RiFyFi is a framework for Radio Frequency Fingerprint Identification. RFF is a unique signature created in the emitter transmission chain by the hardware impairments. These impairments may be used as a secure identifier as they cannot be easily replicated for spoofing purposes. In recent years, the RFF identification relies mainly on Deep Learning (DL), and large databases are consequently needed to improve identification in different environmental conditions.

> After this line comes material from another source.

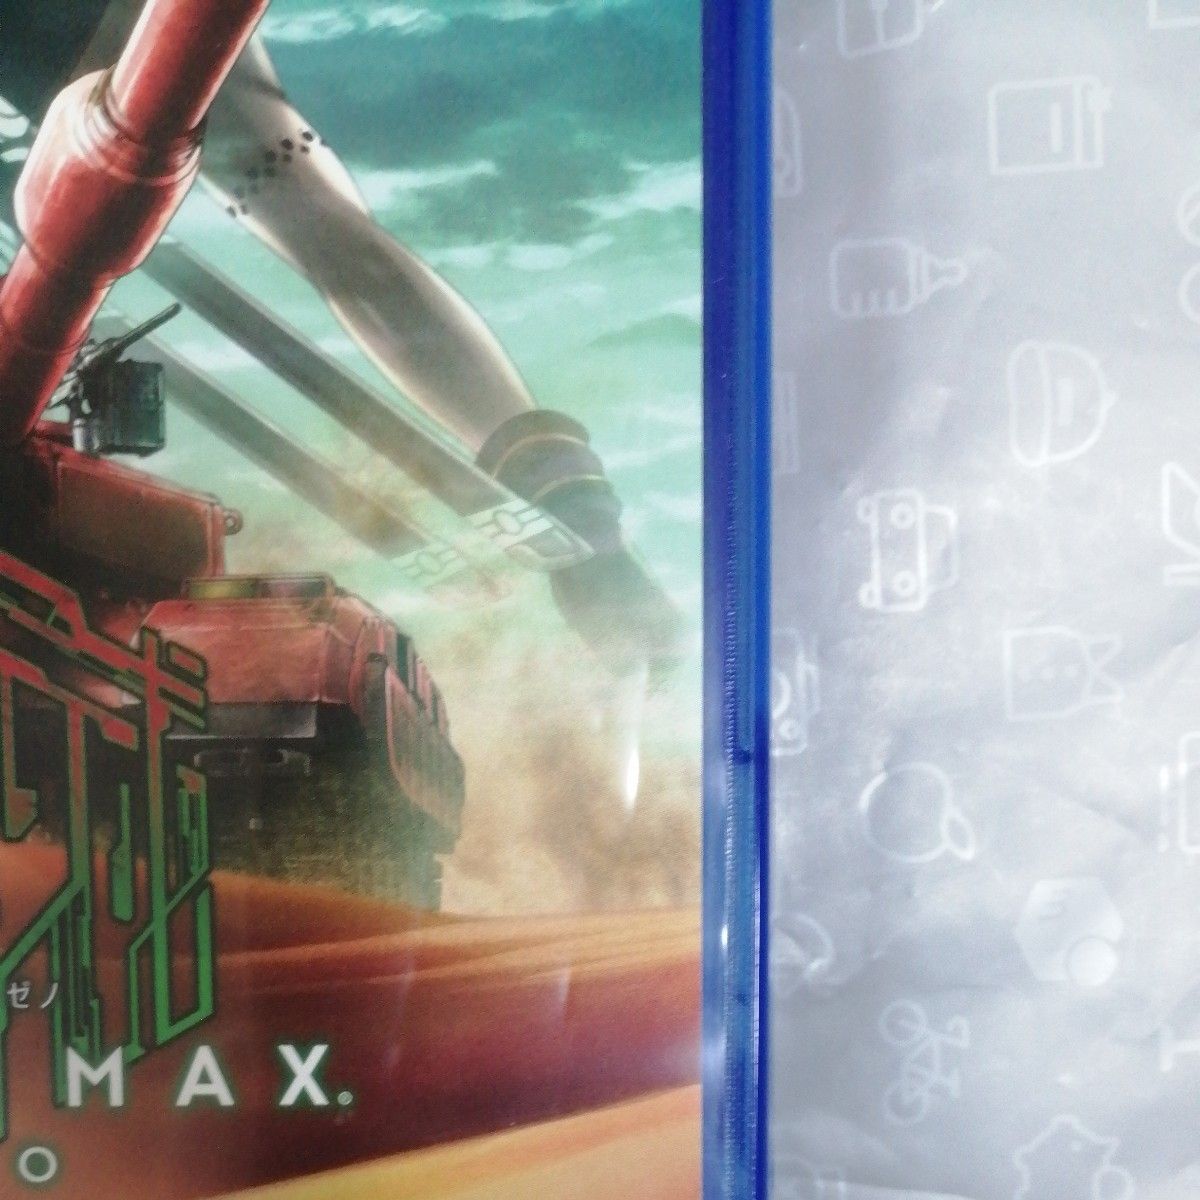 【PS4】 メタルマックスゼノ METAL MAX Xeno
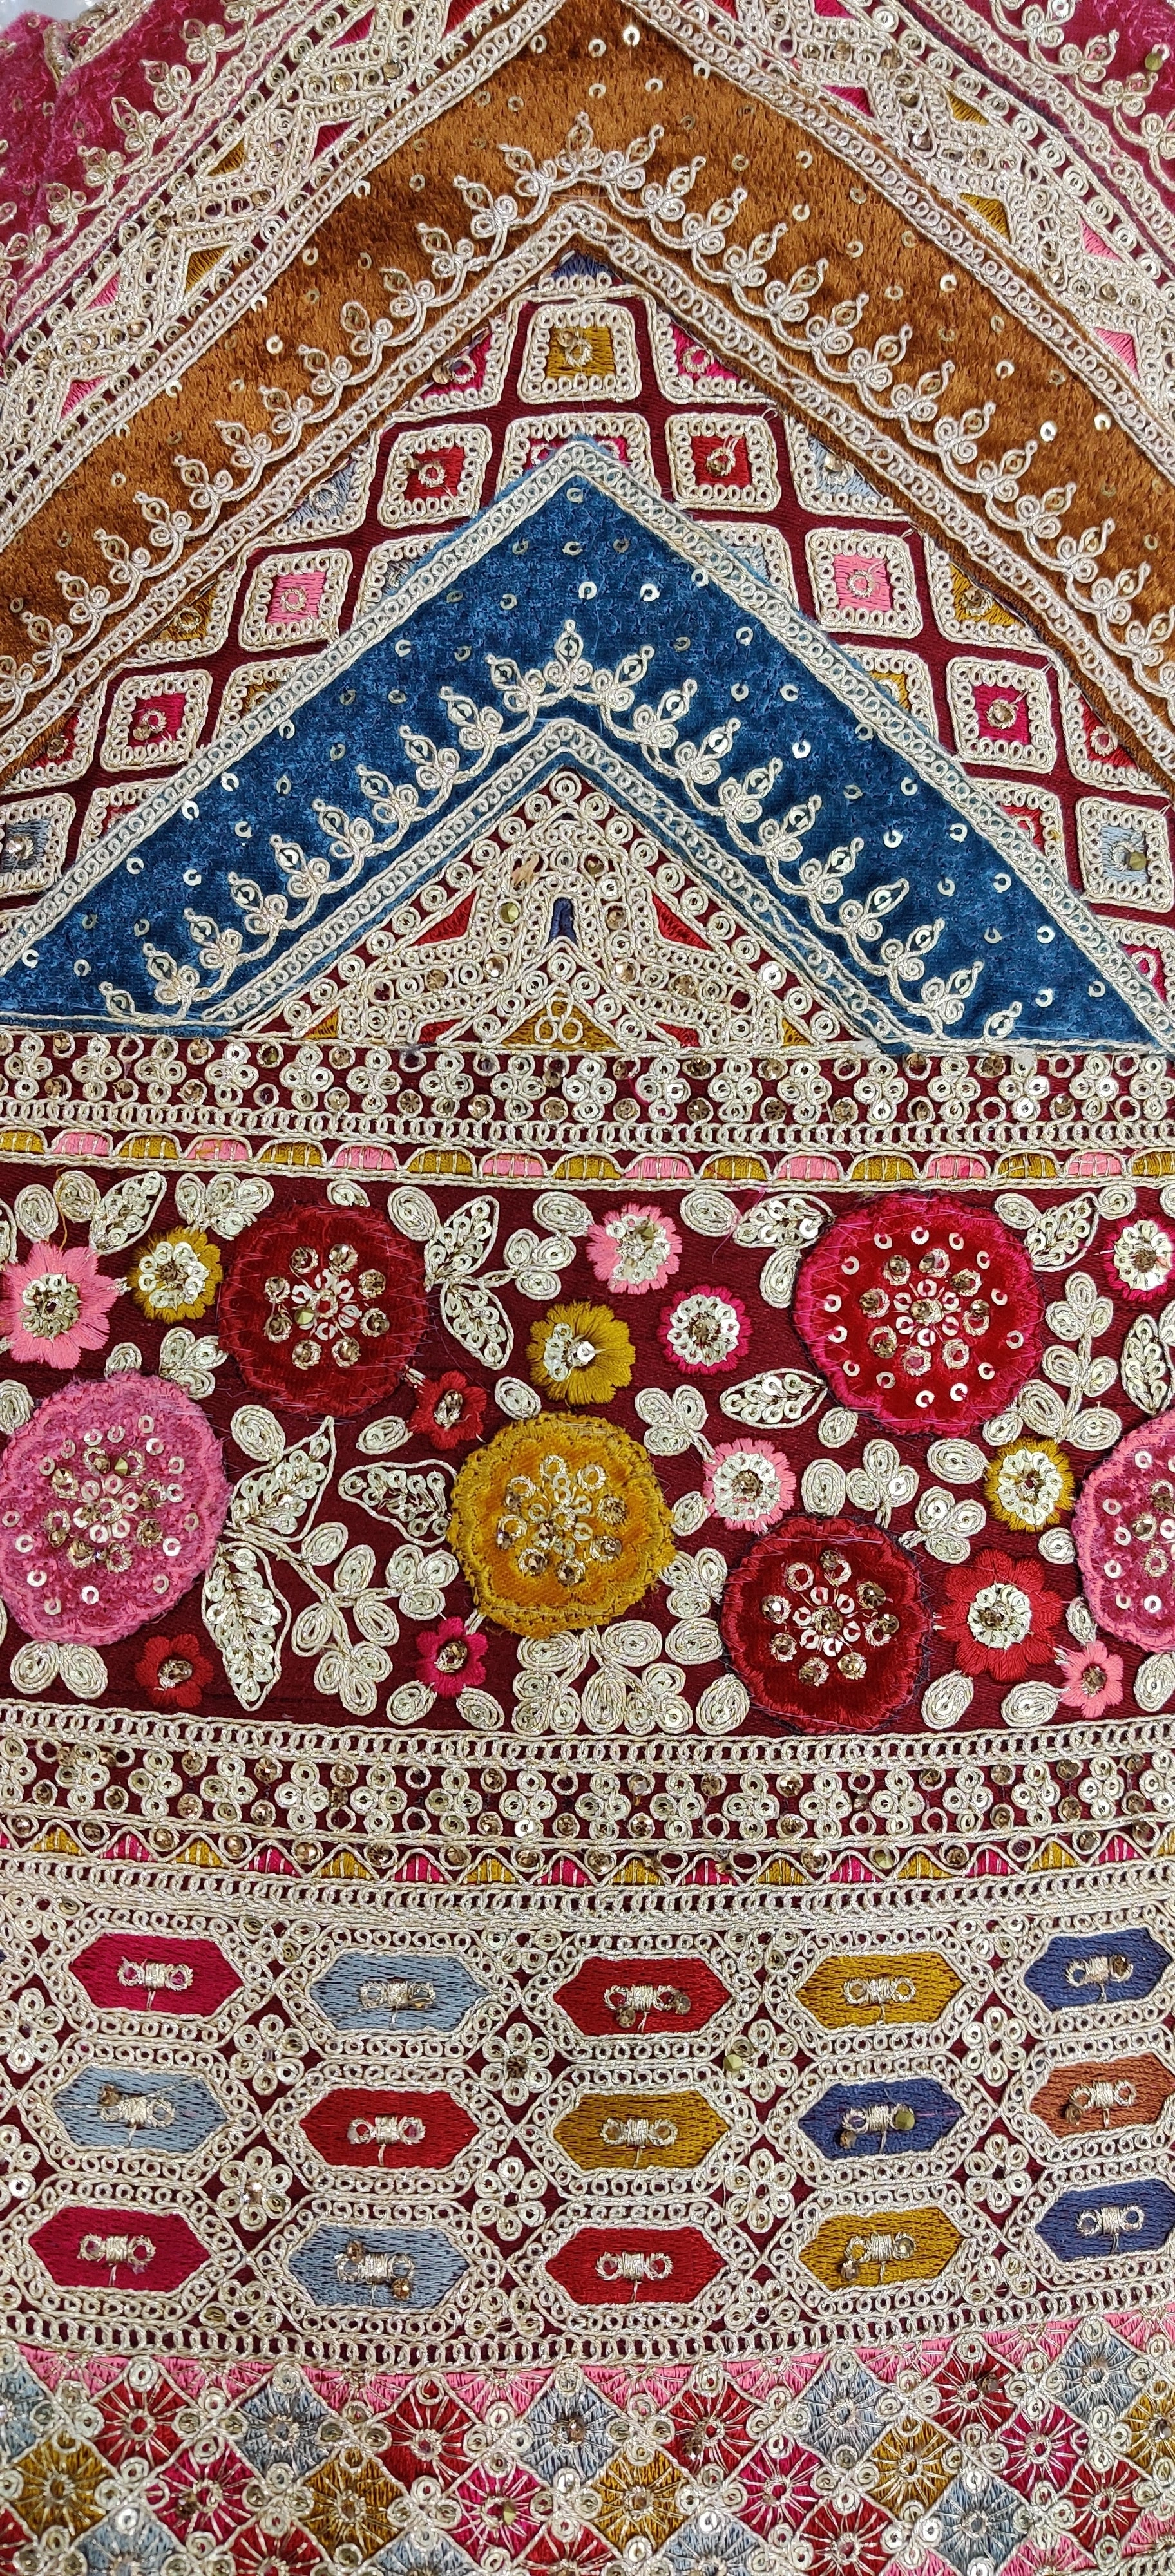 Superb Matching Thread Work Multi-Color Wavy Pattern And Velvet Patch Work Sabyasachi Inspired Bridal Lehengacholi, Bridal Lehenga Choli India-1

RiFyFi is introduced to propose a framework combine with a virtual database to explore the RFF identification. Different transmission scenarios are modeled such as the data type (being a preamble or a payload) and the data size.

RiFyFi is composed of different subpackage
- RiFyFi_VDG : The Virtual Database Generator
- RiFyFi_IdF : Package for training and testing network
- Augmentation : Package used for data augmentation
- Results : Package to create some confusion matrix or F1 score evolution in function of time.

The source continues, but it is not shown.